The answer is simple: MONEY.
Because you don’t buy anything physical, Forex can make things confusing.
Imagine buying a currency as a share in any country, for example shares of a company. The price of the currency is often a direct reflection of the market’s review on the current and future health of its economy.
In Forex trading, when you buy, say, the Japanese Yen, you buy a “share” of the Japanese economy. You are betting that the Japanese economy is doing well and will do even better in the future. Once these shares are resold in the market, you will leave, it is desirable, with a profit.

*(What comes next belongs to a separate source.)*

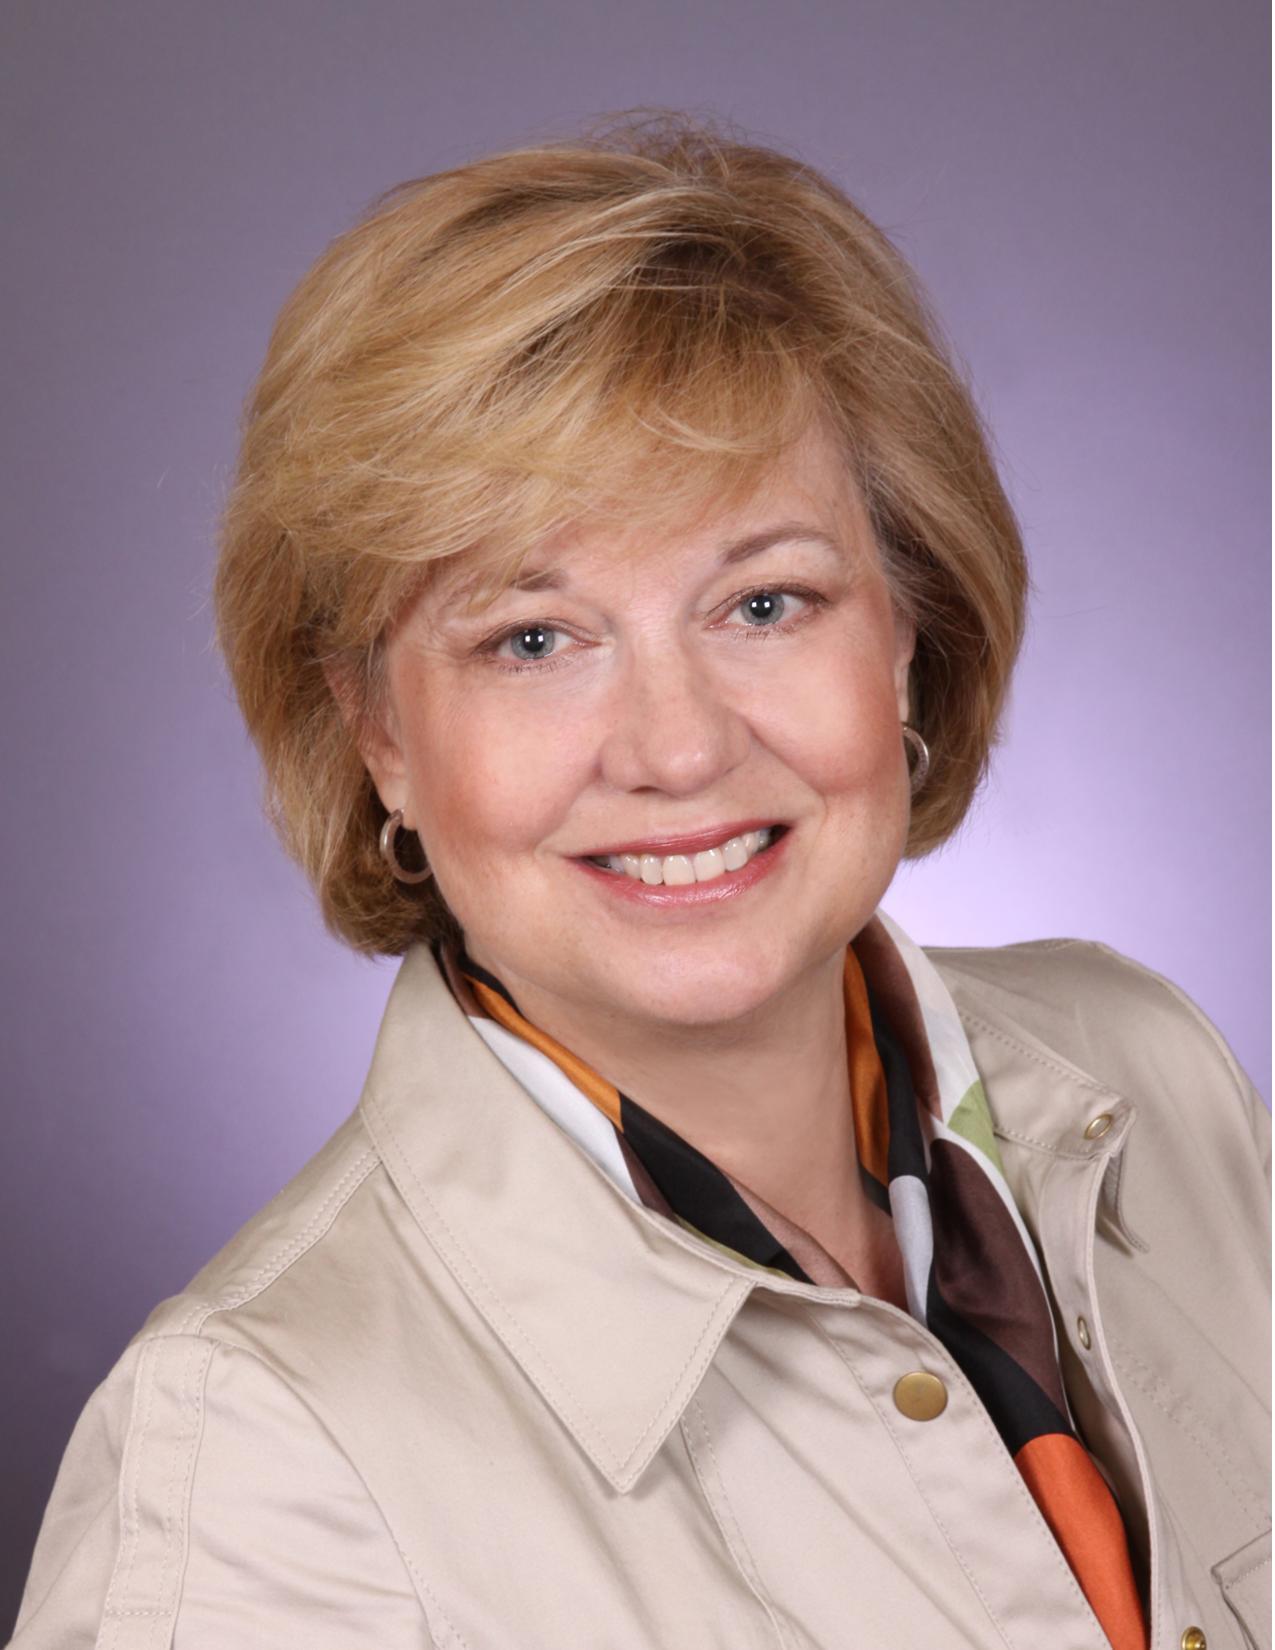 Caryl R. Ersenkal

In general, the exchange rate of one currency against another reflects the economic condition of the country in question, compared to all other economies of other countries
At the end of your training at this Pipsology school, you will only want to start working on currencies.

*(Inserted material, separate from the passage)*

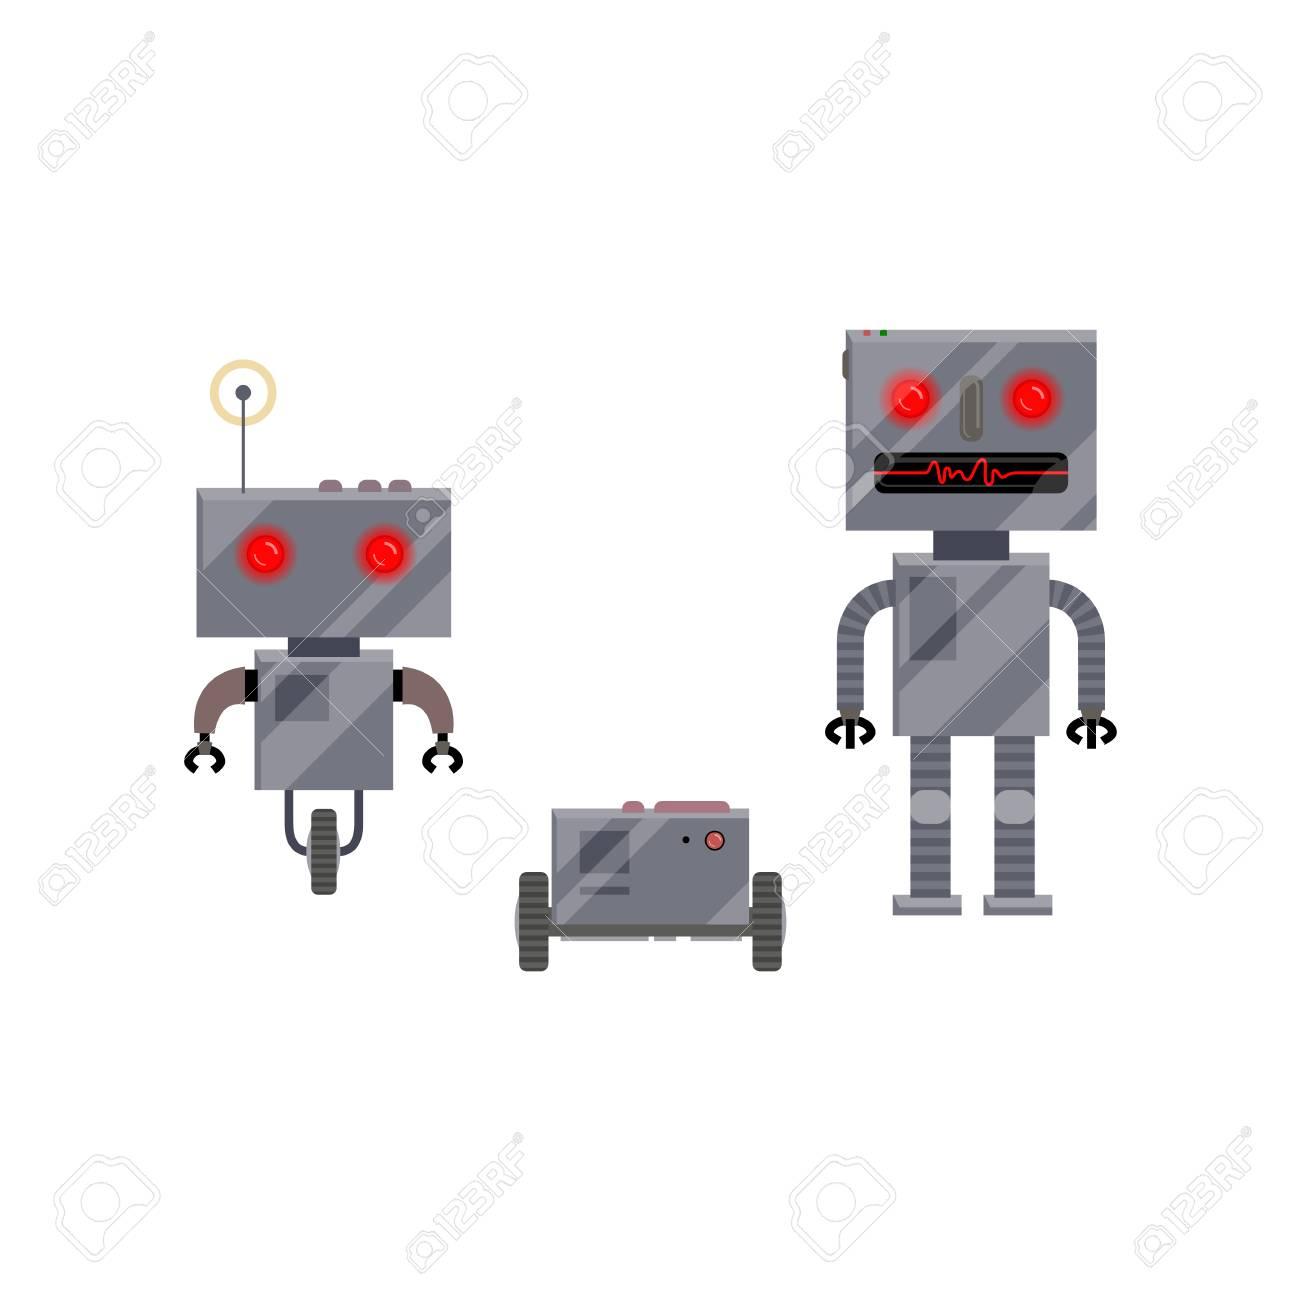 Vettoriale tre personaggi robot stile moderno e retrò fumetto

Major currencies (“Majors”)
|EUR||Member of the Euro zone||Euro||Fiber|
Currency symbols always consist of three letters, the first two identifying the name of the country and the third the name of the currency of that country.

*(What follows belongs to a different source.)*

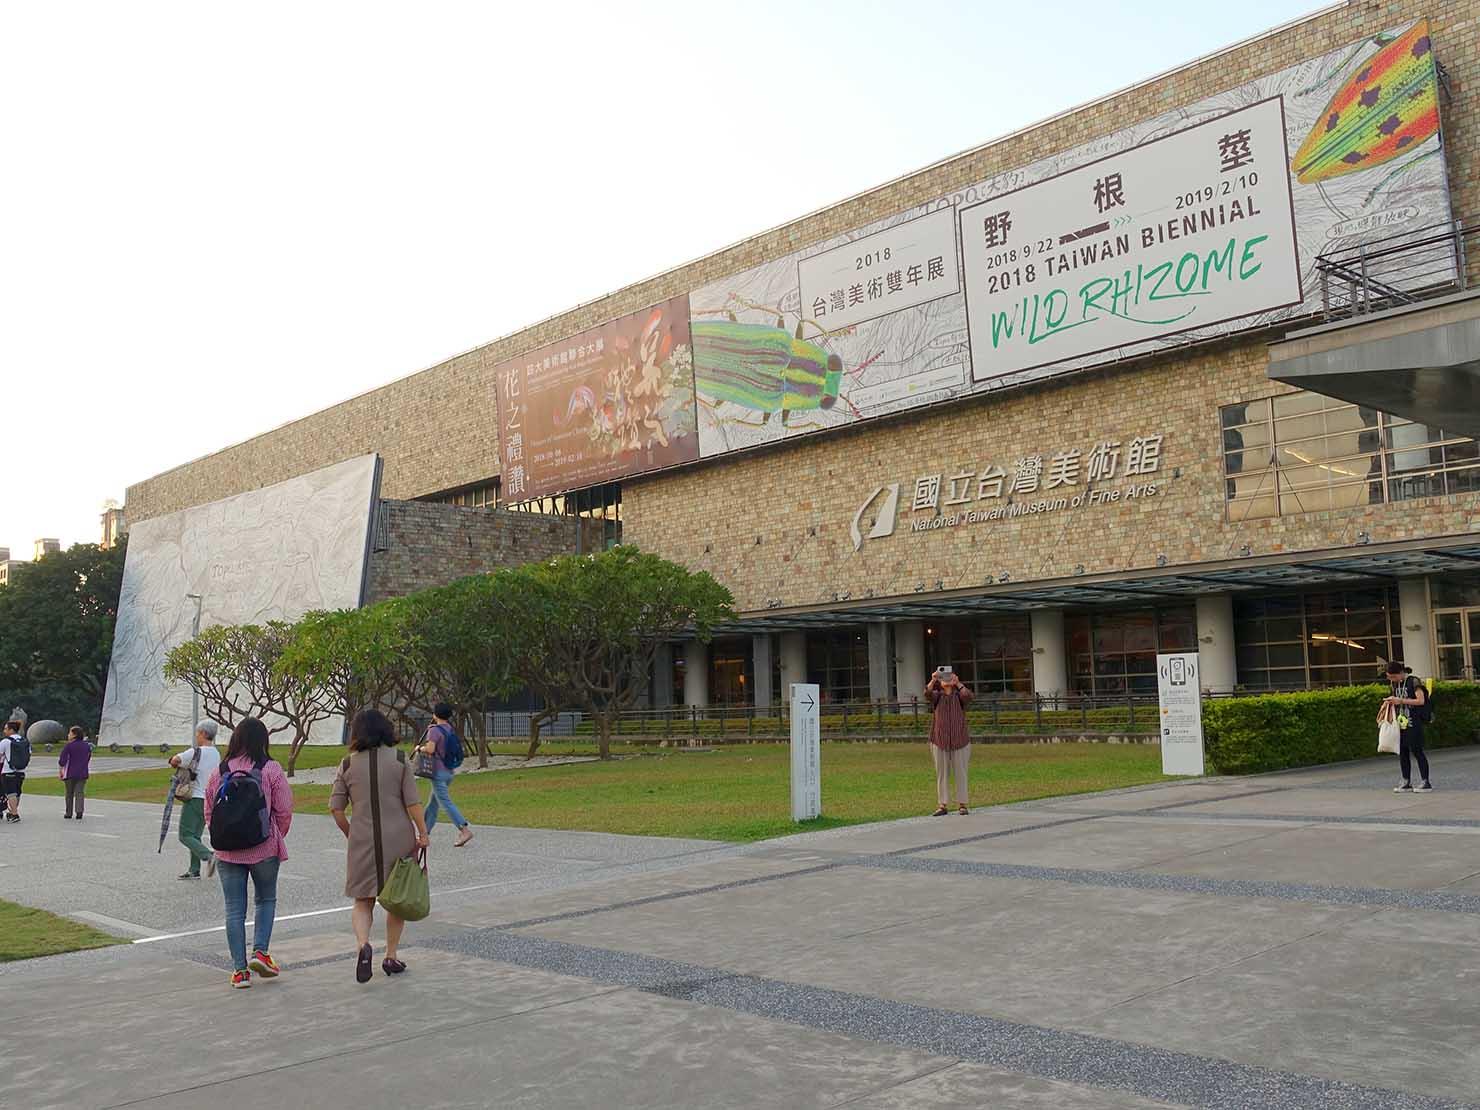 台中観光のおすすめスポット「國立台灣美術館」

Take NZD for example. NZ stands for New Zealand, while D stands for dollar. Not too hard, is it?
The currencies included in the above chart are called “majors” because they are the most traded in the world.
We remind you that “buck” is not the only nickname for the USD.
There are also: “greenbacks”, “bones”, “benjis”, “benjamins”, “cheddar”, “paper”, “magot”, “scrilla”, “cheese”, “bread”, “moolah”, “dead presidents” and cash money.
If you meant “I have to go to work now”.
Instead, you could say, “Yo, it has to move! We’re going to do “benjis”, man”!
Or if you meant “I have a lot of money, let’s go to the mall in the evening”.
Instead, why not say “Yo, I have scrilla to sell! Let’s go to the Auchan for a party tonight”!
Did you also know that in Peru, one of the nicknames of the U.S. dollar is the “Coco”, a diminutive for Jorge (George in Spanish), a reference to George Washington’s portrait on the USD 1 bill?